INFORMATION SHOWN:

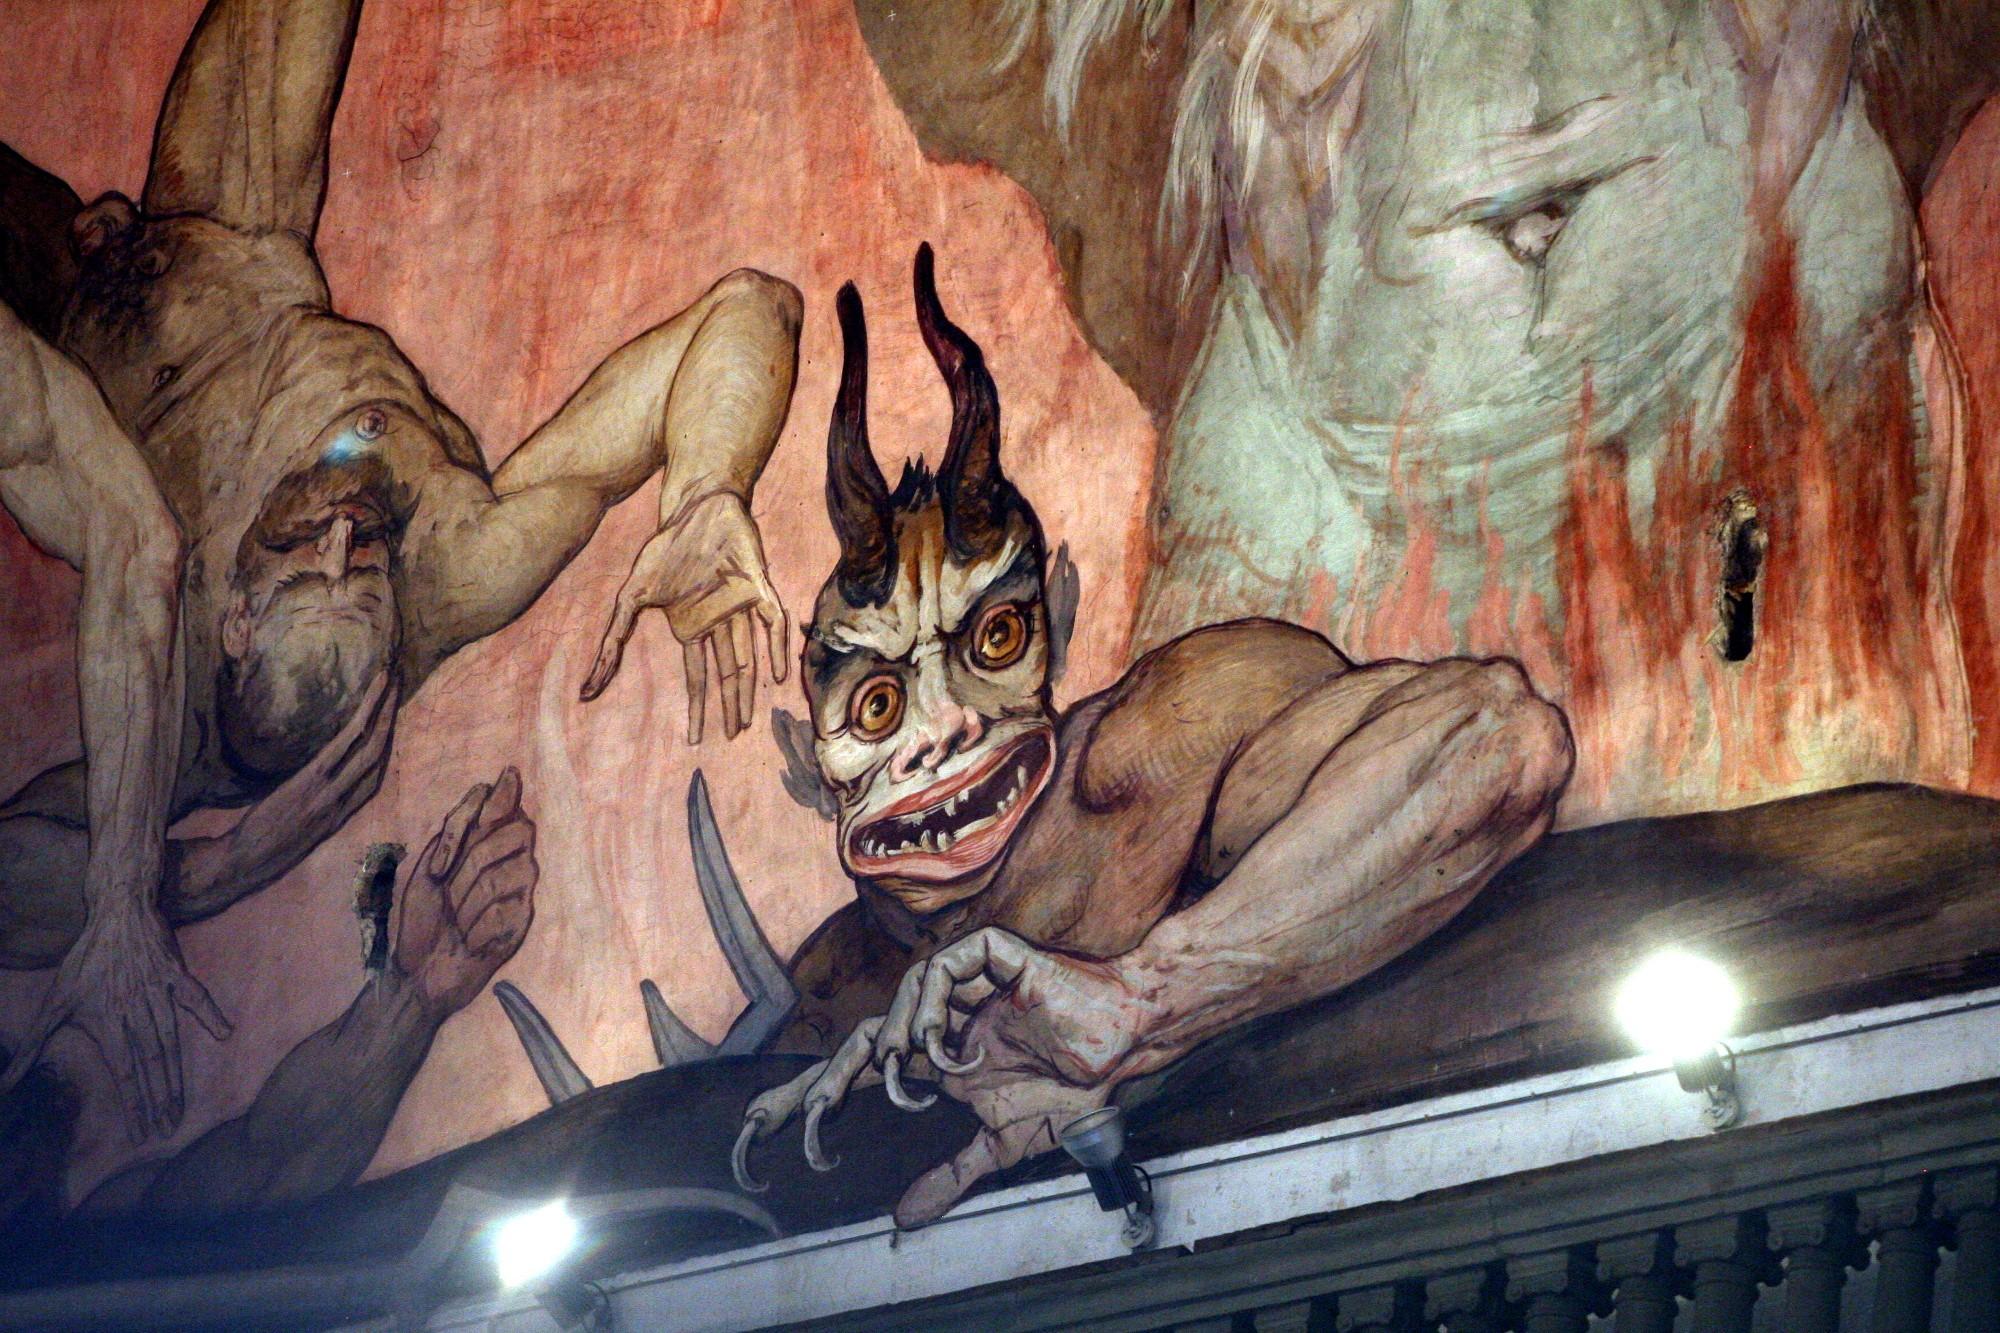 Кто попадет в ад иоанн богослов
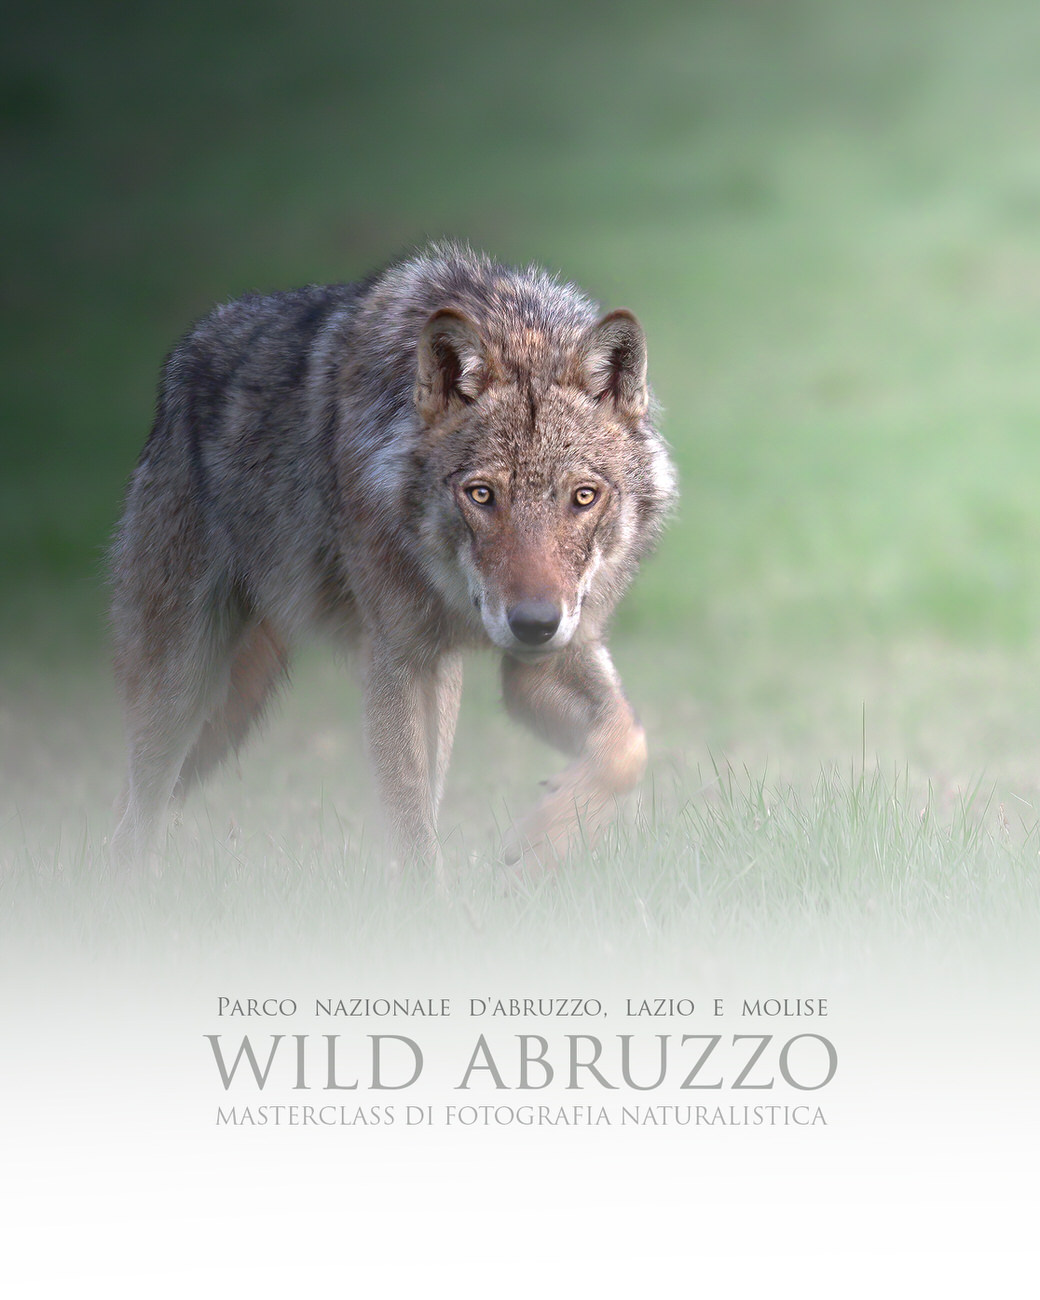 MasterClass di fotografia naturalistica -wild-abruzzo
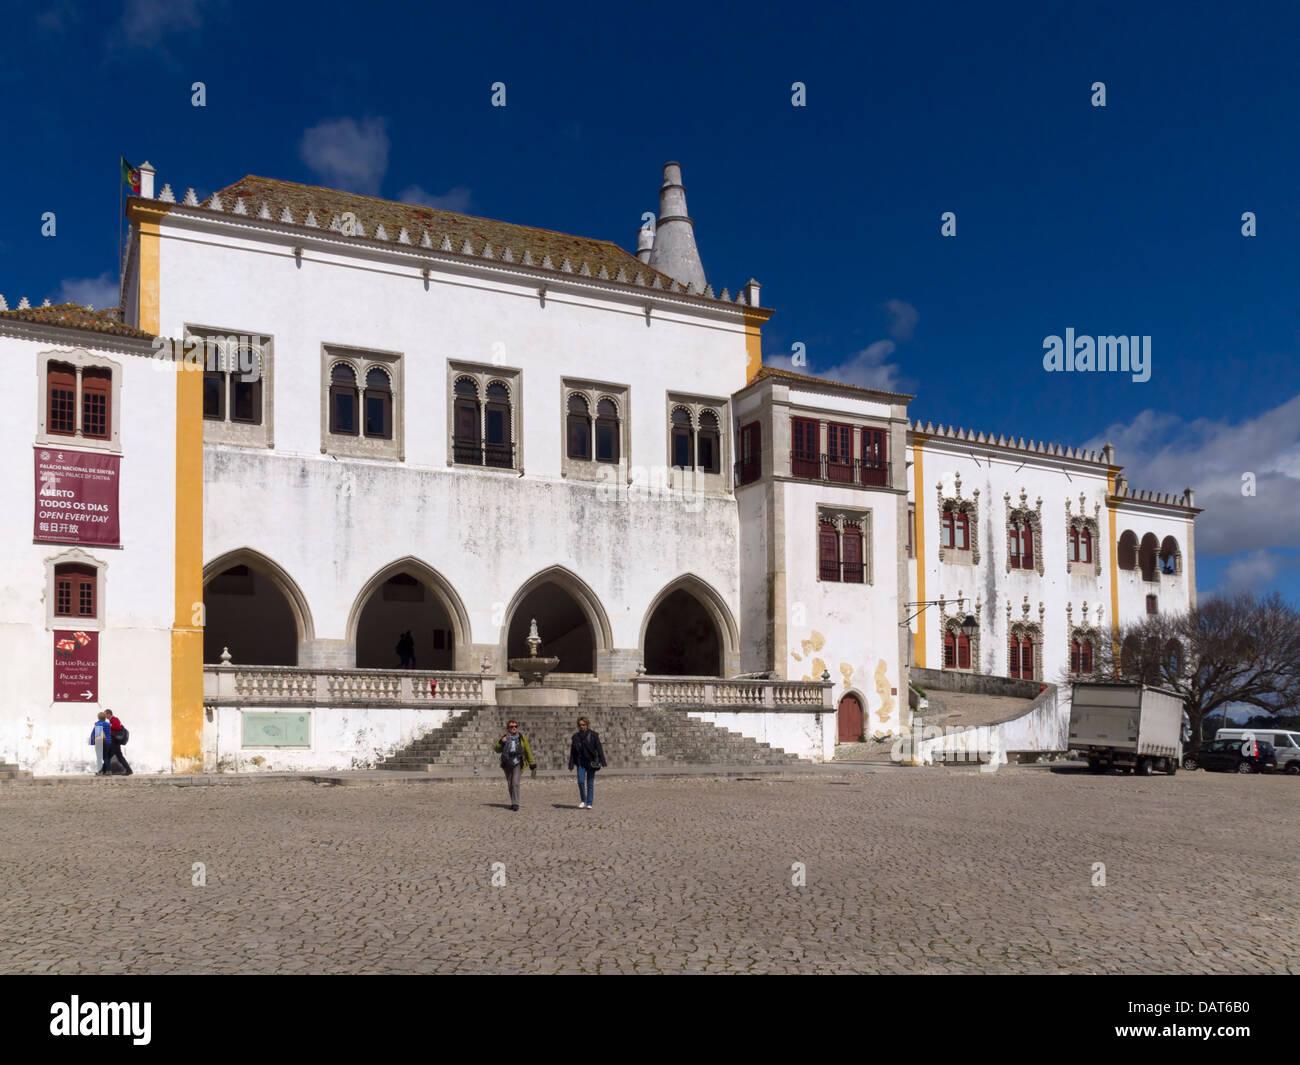 Palácio Nacional (National Palace) in Sintra, Portugal, Europe Stock Photo

TASK REQUIREMENTS:
The expected output is the full material above, word for word, without pictures.

TASK RESULT:
 Кто попадет в ад иоанн богослов
 MasterClass di fotografia naturalistica -wild-abruzzo
 Palácio Nacional (National Palace) in Sintra, Portugal, Europe Stock Photo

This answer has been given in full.